Try it: The answer is the full listing restated exactly, without any pictures.

Dataset section:
= Beginning of Section =
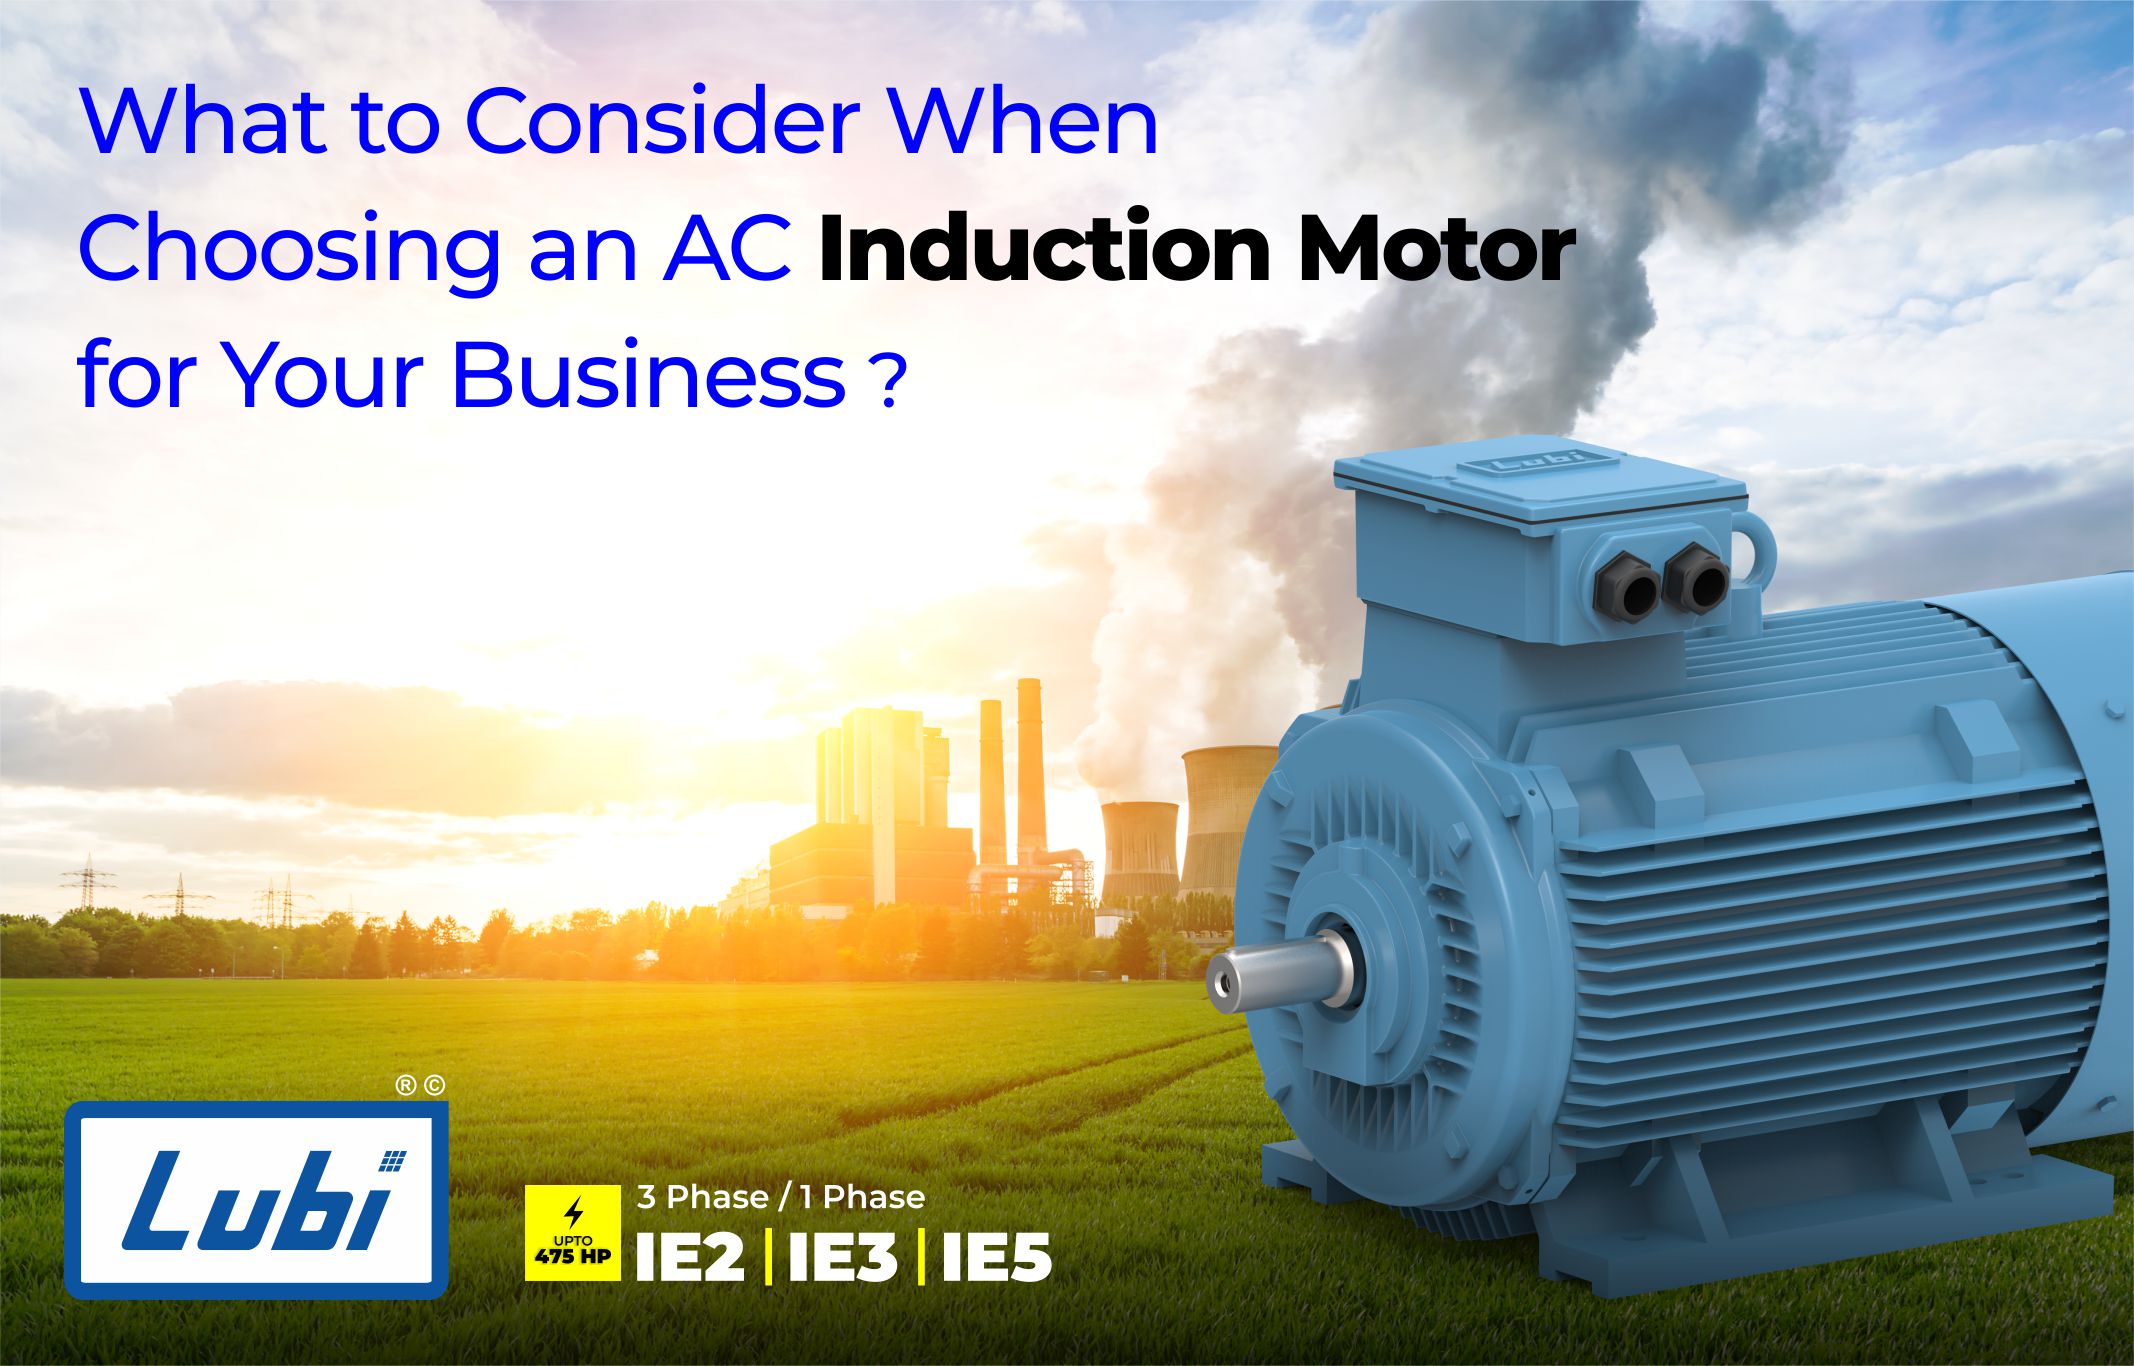 What to Consider When Choosing an AC Induction Motor for Your Business?
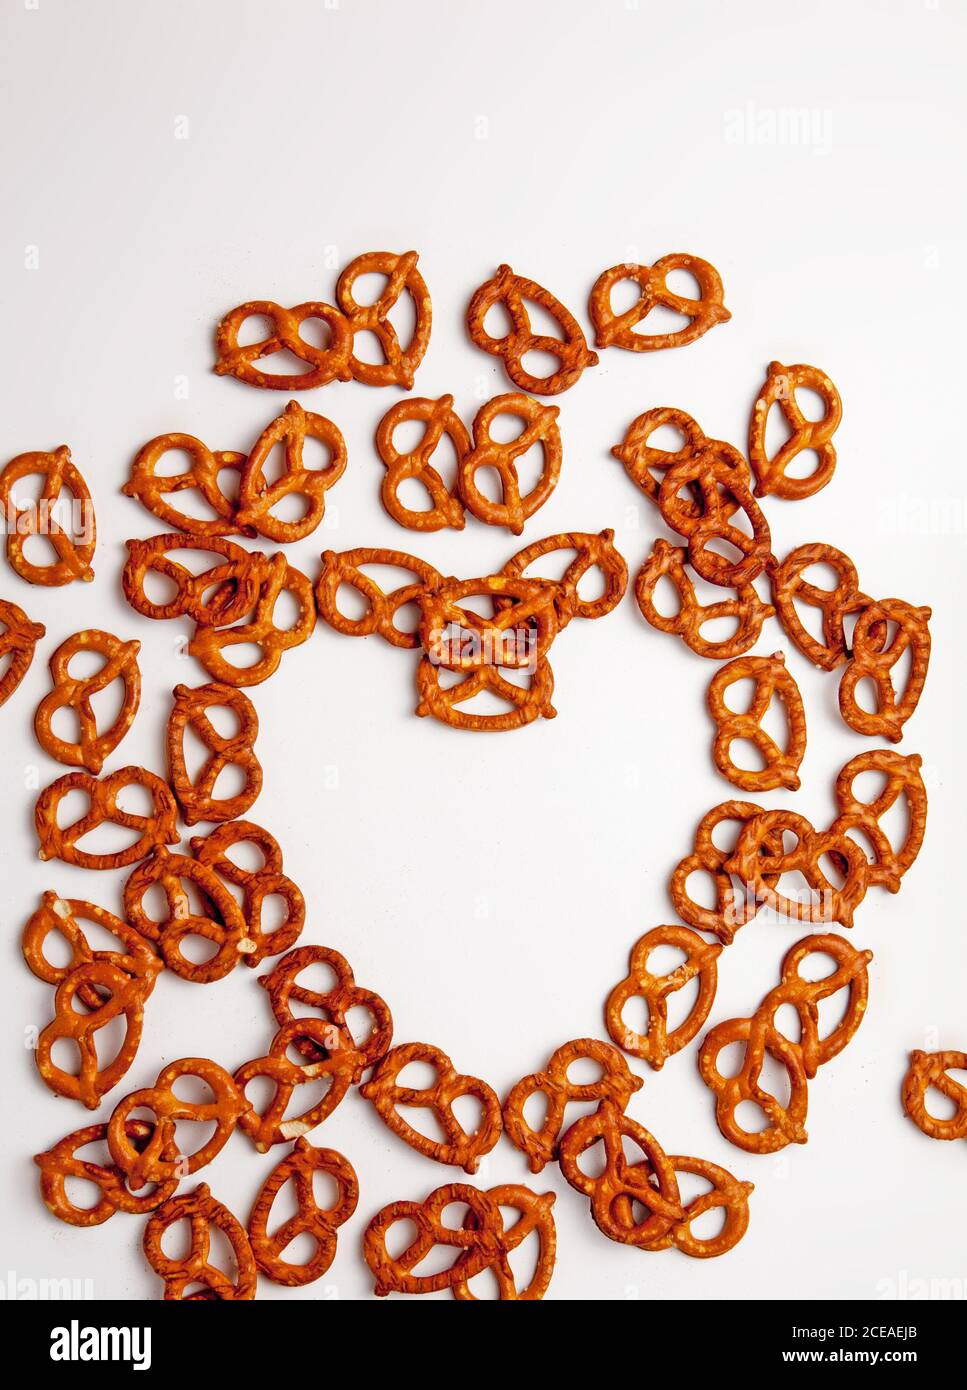 Pretzels in a heart shape on a white background Stock Photo
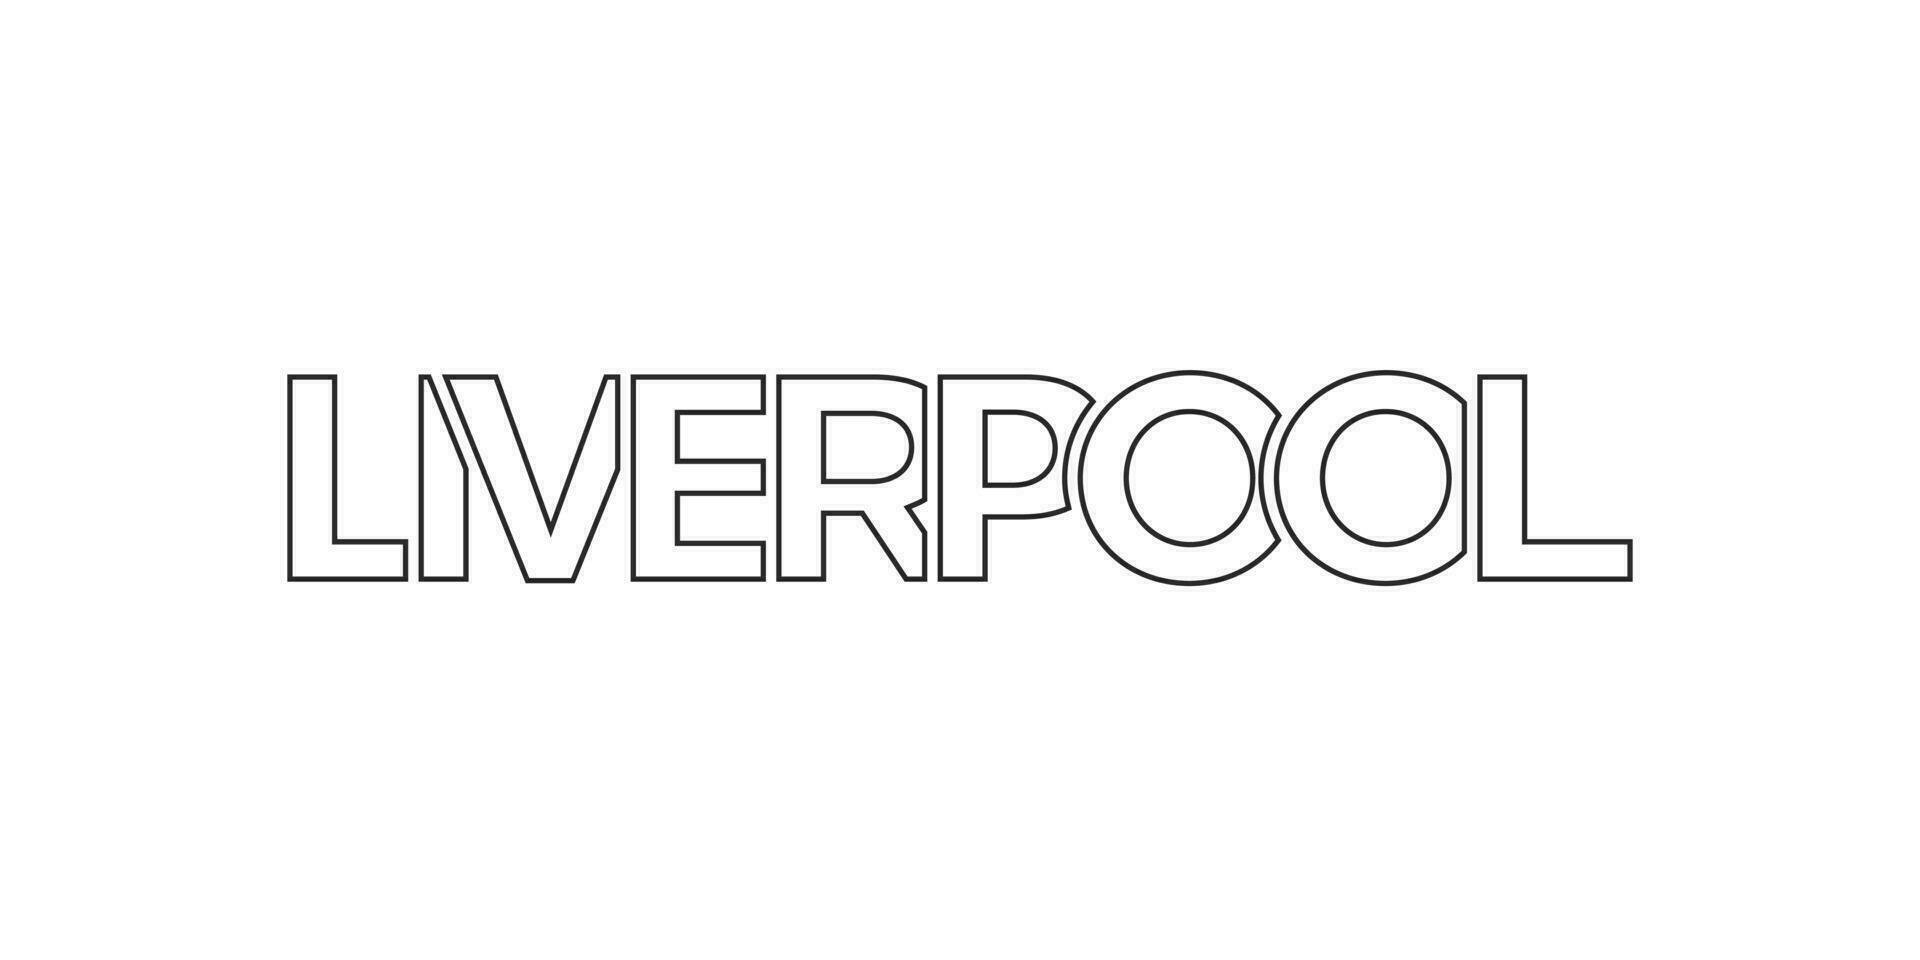 Liverpool city in the United Kingdom design features a geometric style illustration with bold typography in a modern font on white background. vector
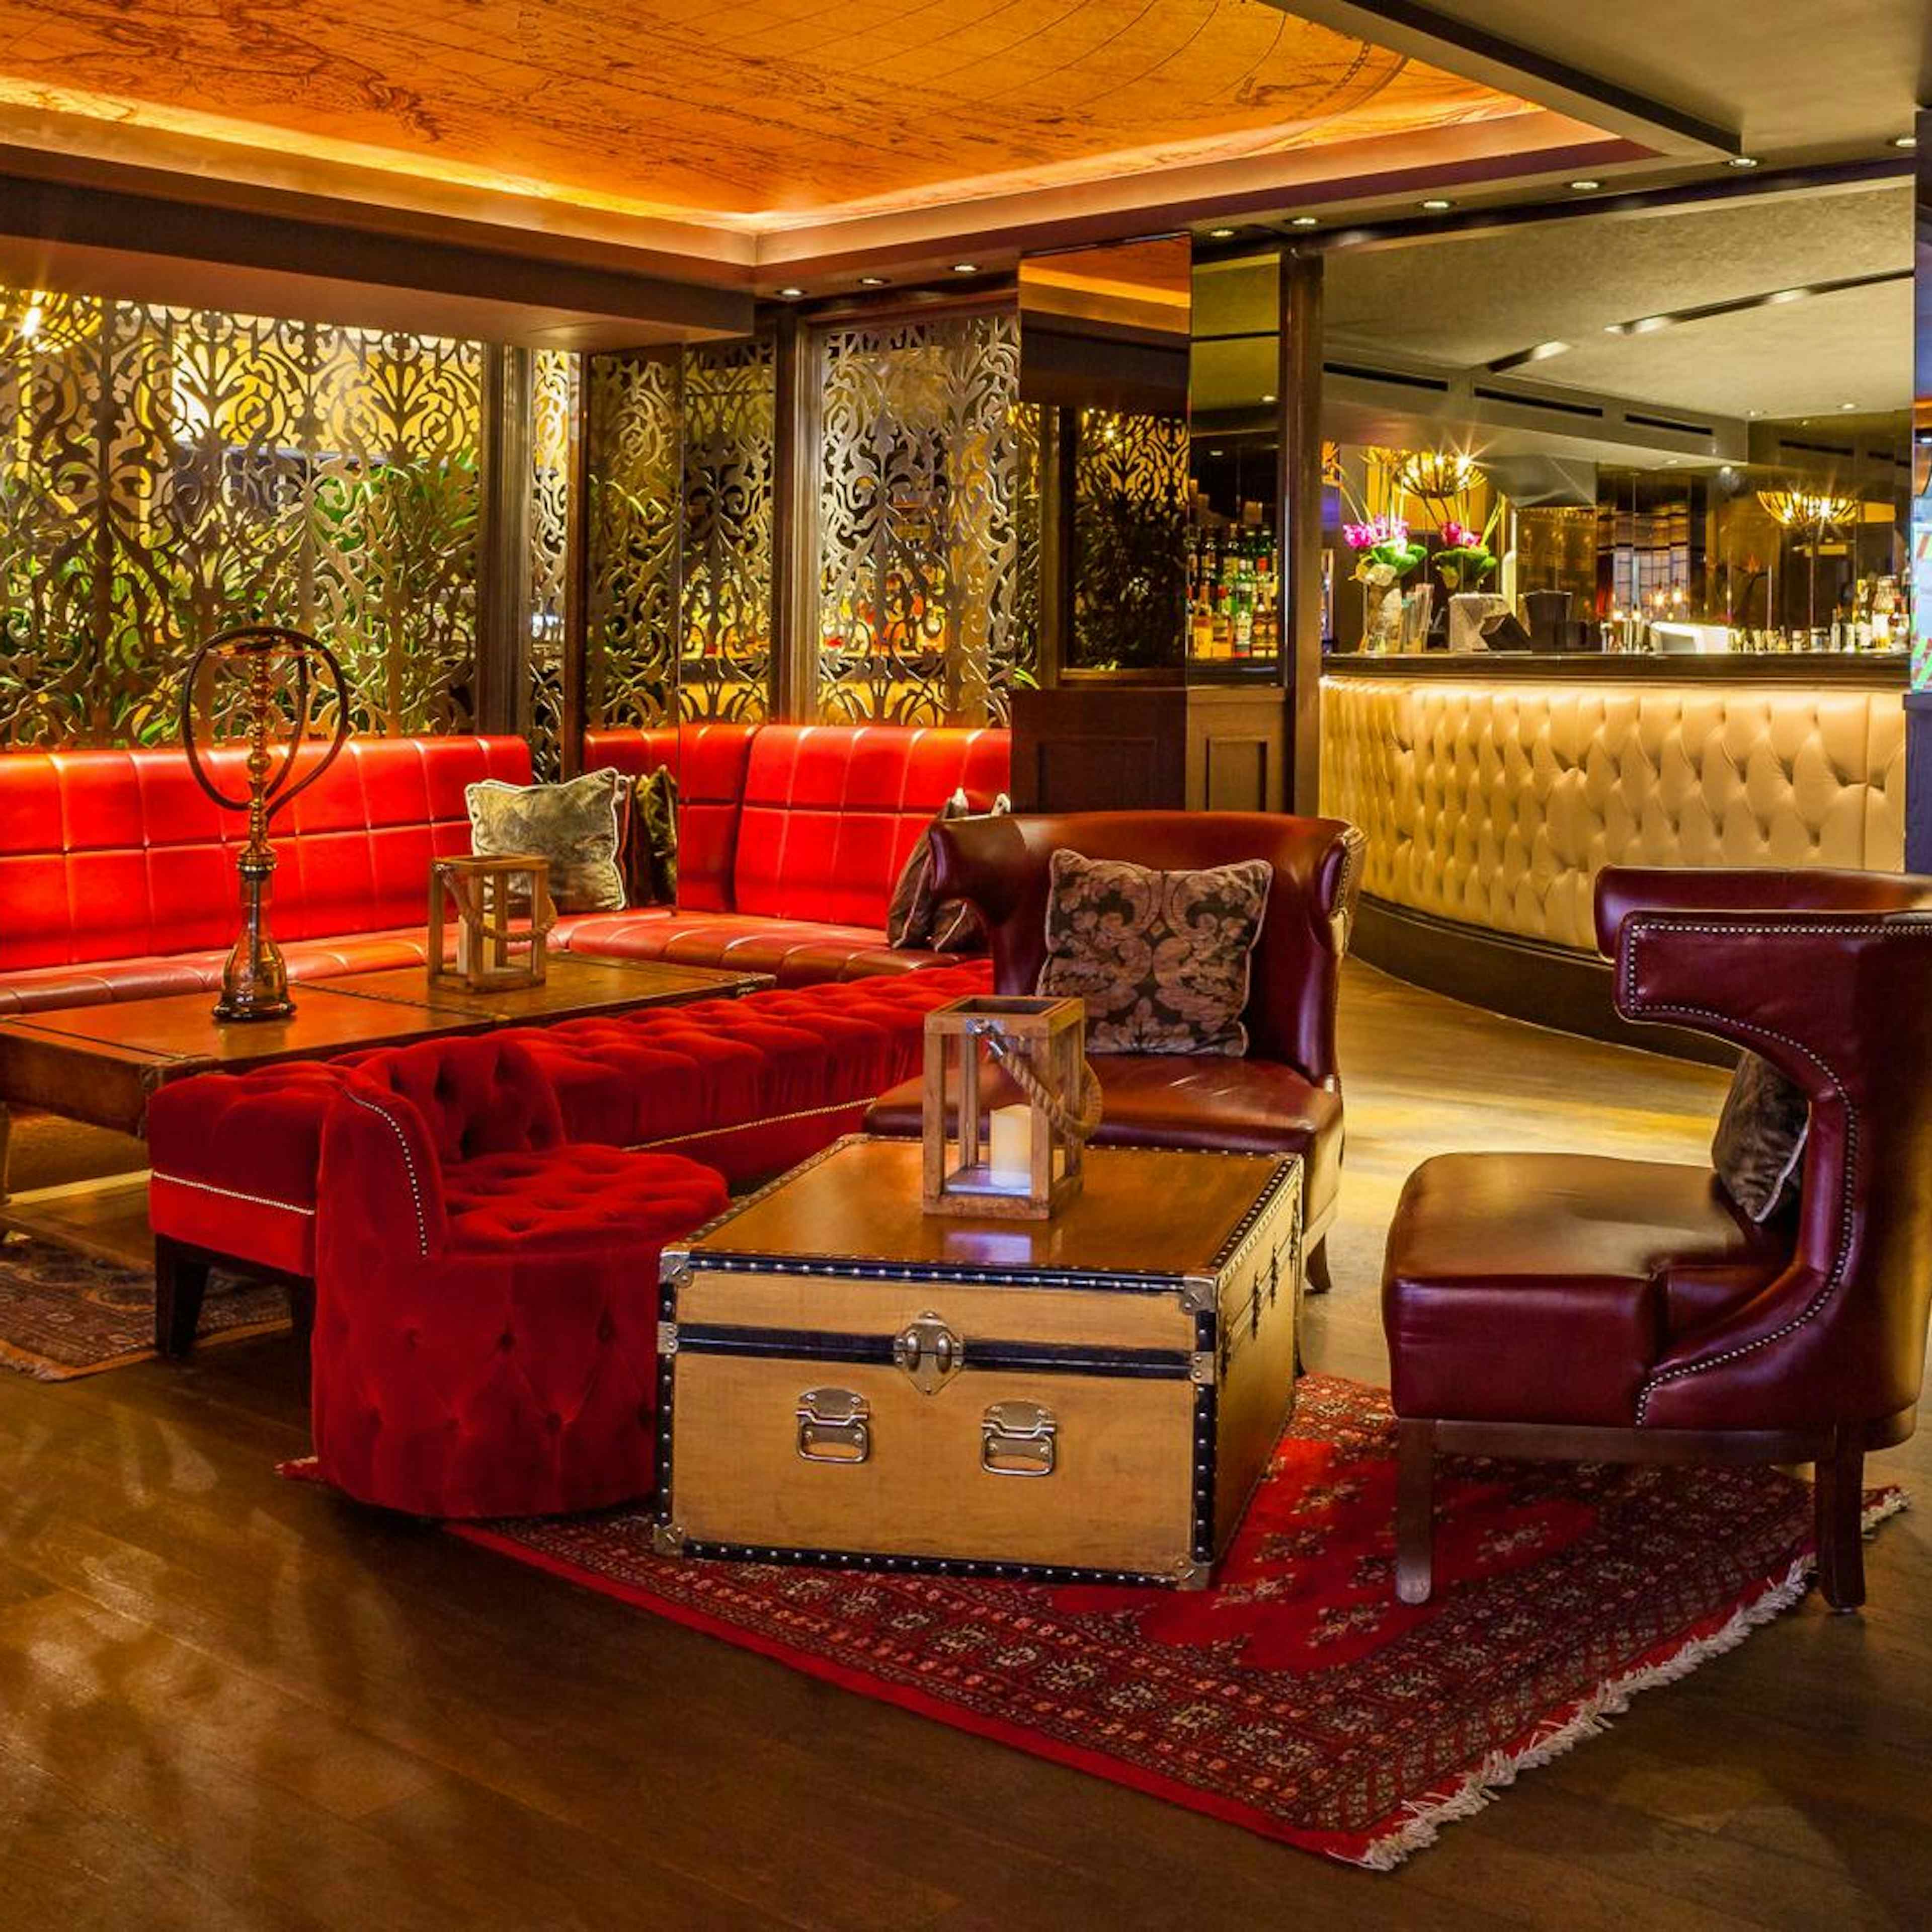 The Palm Beach - The Lounge image 2
= End of Section =
Answer space:
 What to Consider When Choosing an AC Induction Motor for Your Business?
 Pretzels in a heart shape on a white background Stock Photo
 Liverpool city in the United Kingdom design features a geometric style illustration with bold typography in a modern font on white background. vector
 The Palm Beach - The Lounge image 2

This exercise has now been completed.